**What is being asked:**
Starting at the line that contains "Jacksons — 2300 Jackson Street, 1989", print each line exactly through the end of the listing. Skip any pictures and add nothing.

**Dataset excerpt:**
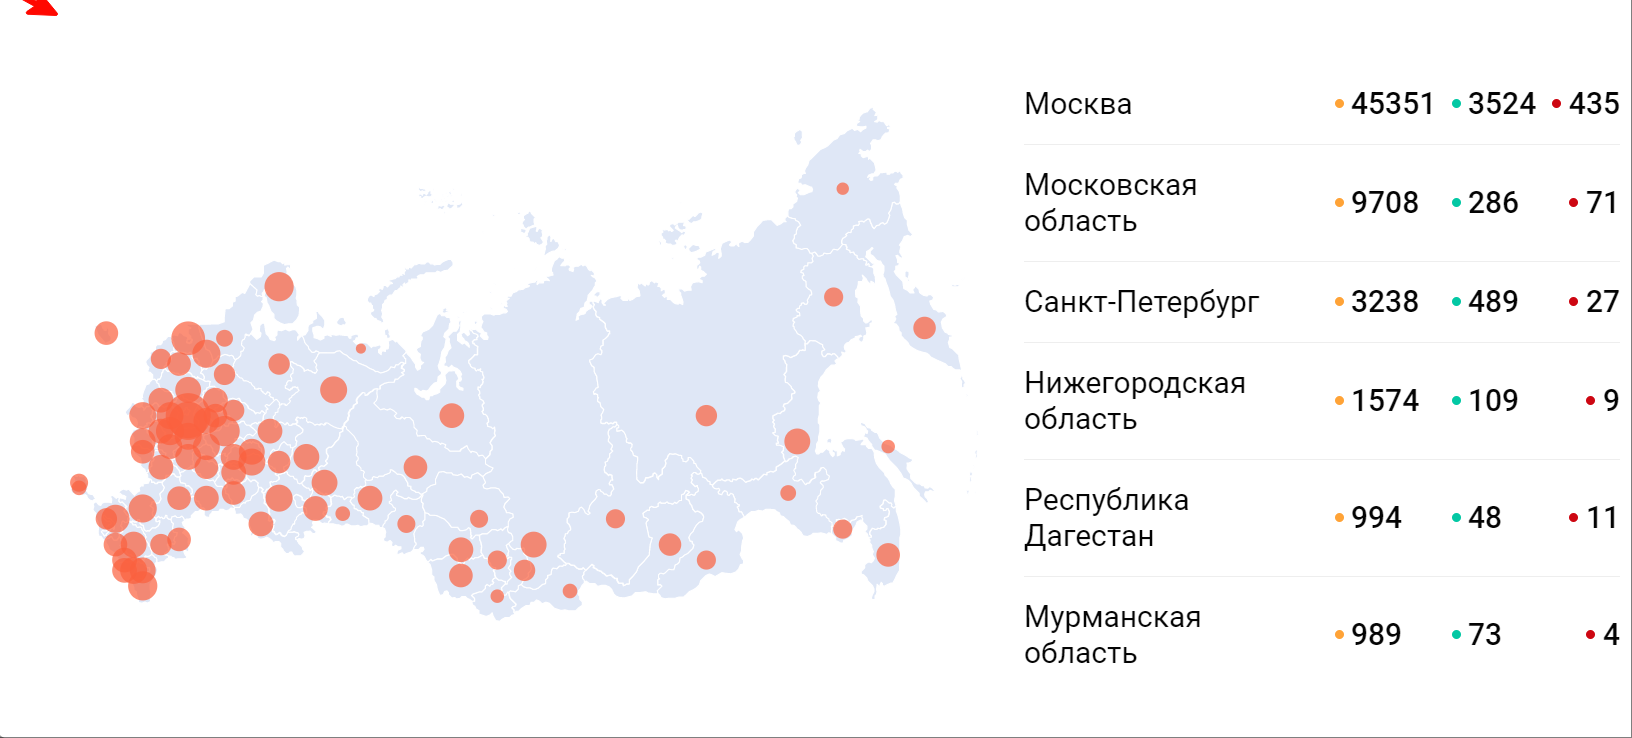 Коронавирус в россии заболевшие последние
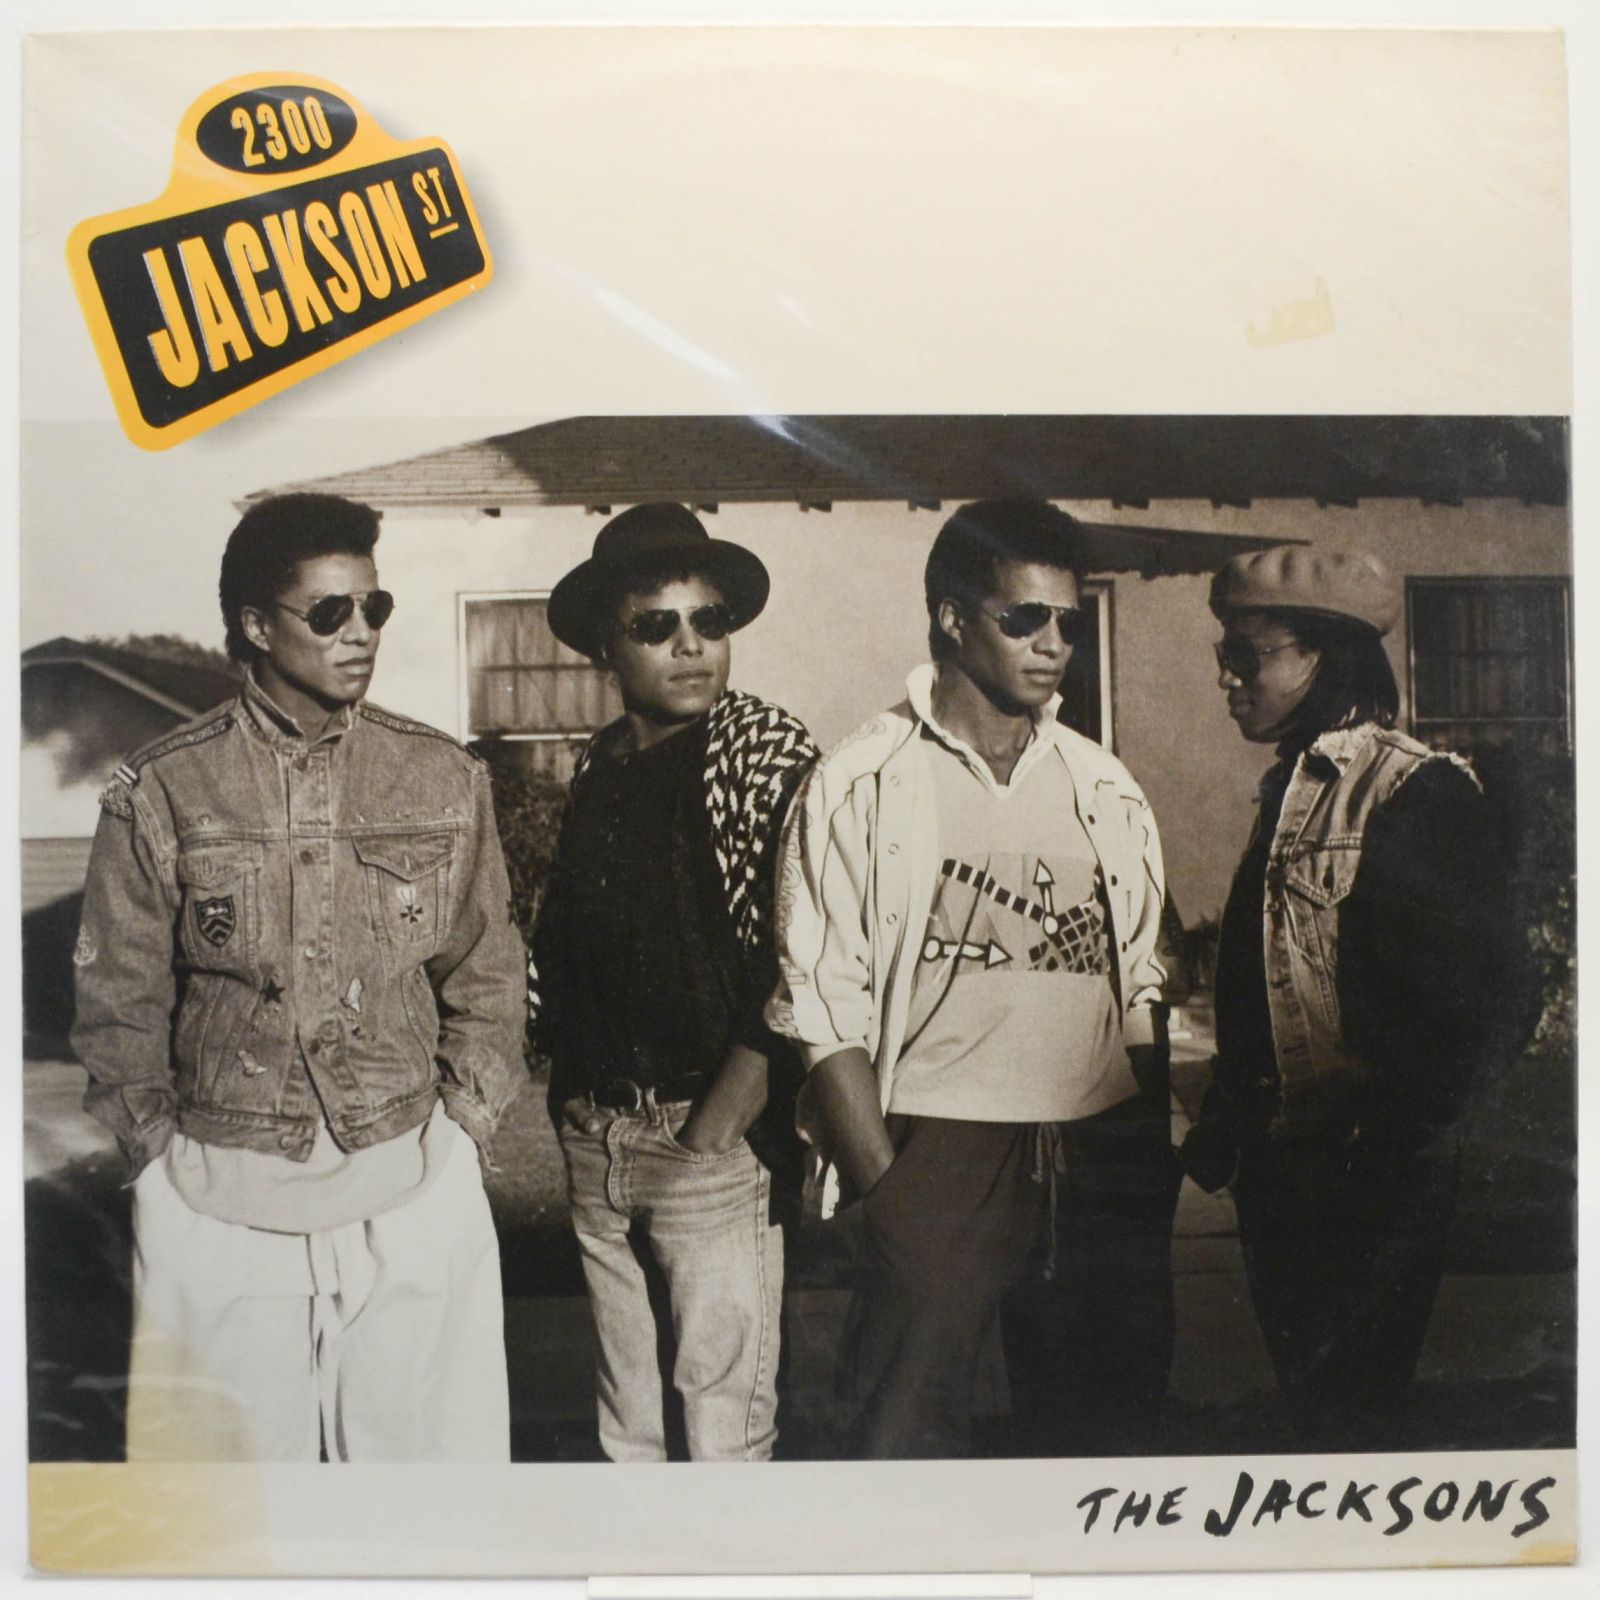 Jacksons — 2300 Jackson Street, 1989
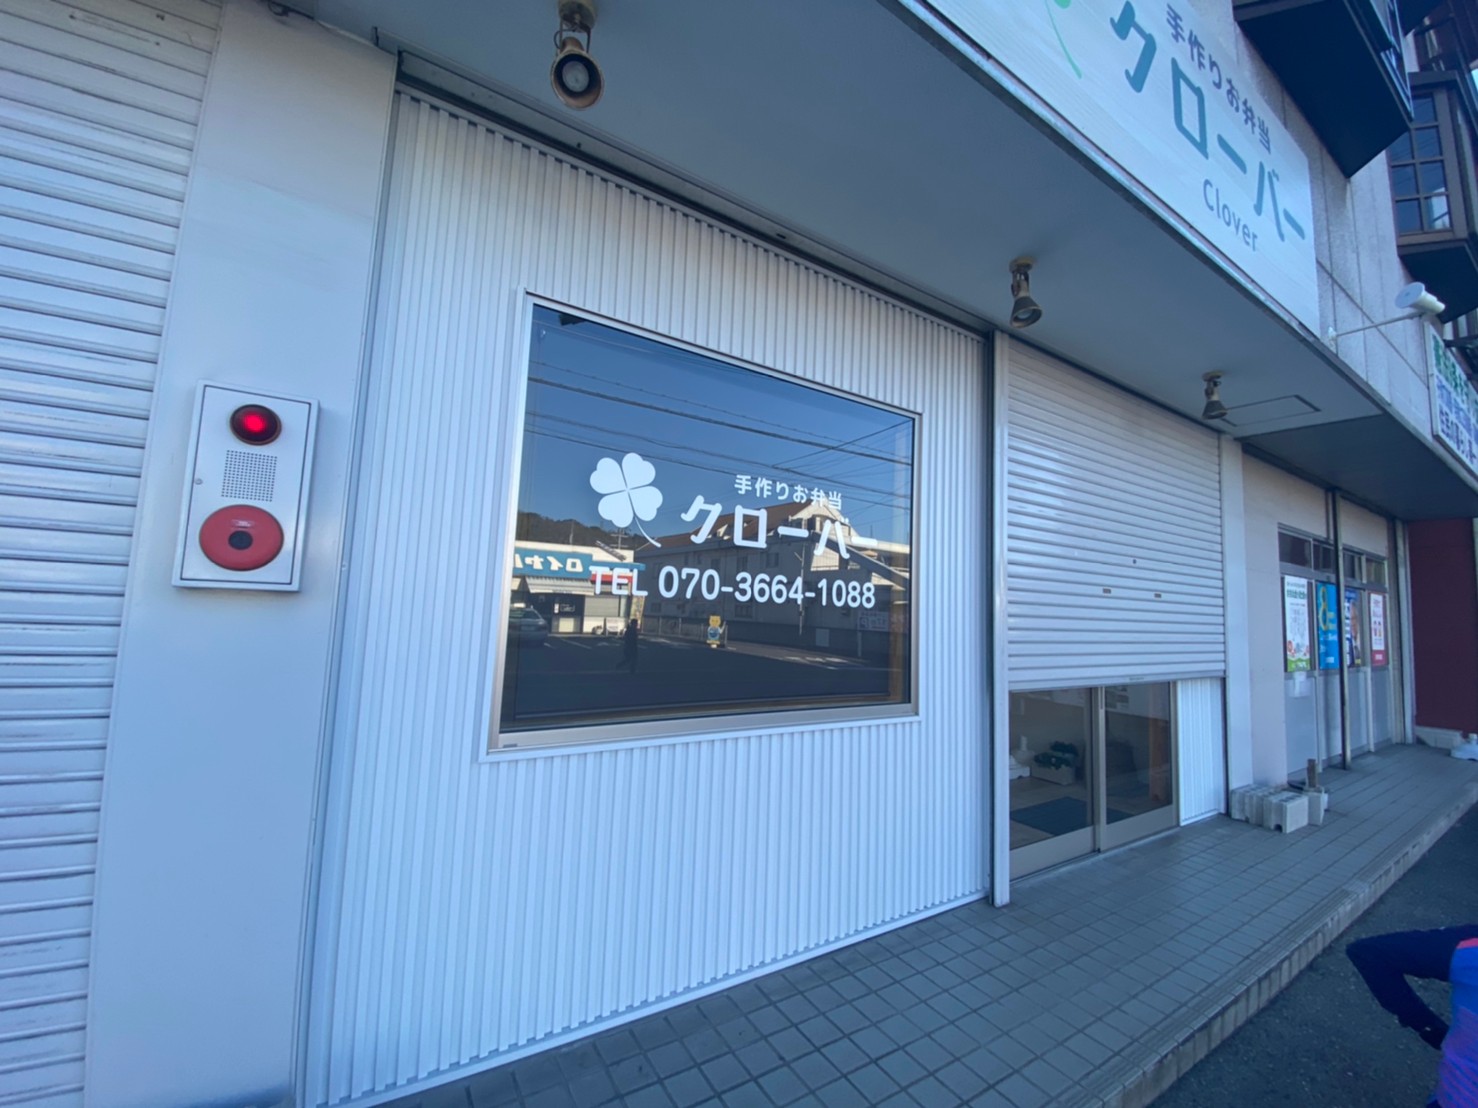 北平野に手作り弁当 クローバー がオープンしている 姫路市のローカル情報サイト 裏観光情報も

**Task output:**
 Jacksons — 2300 Jackson Street, 1989
 北平野に手作り弁当 クローバー がオープンしている 姫路市のローカル情報サイト 裏観光情報も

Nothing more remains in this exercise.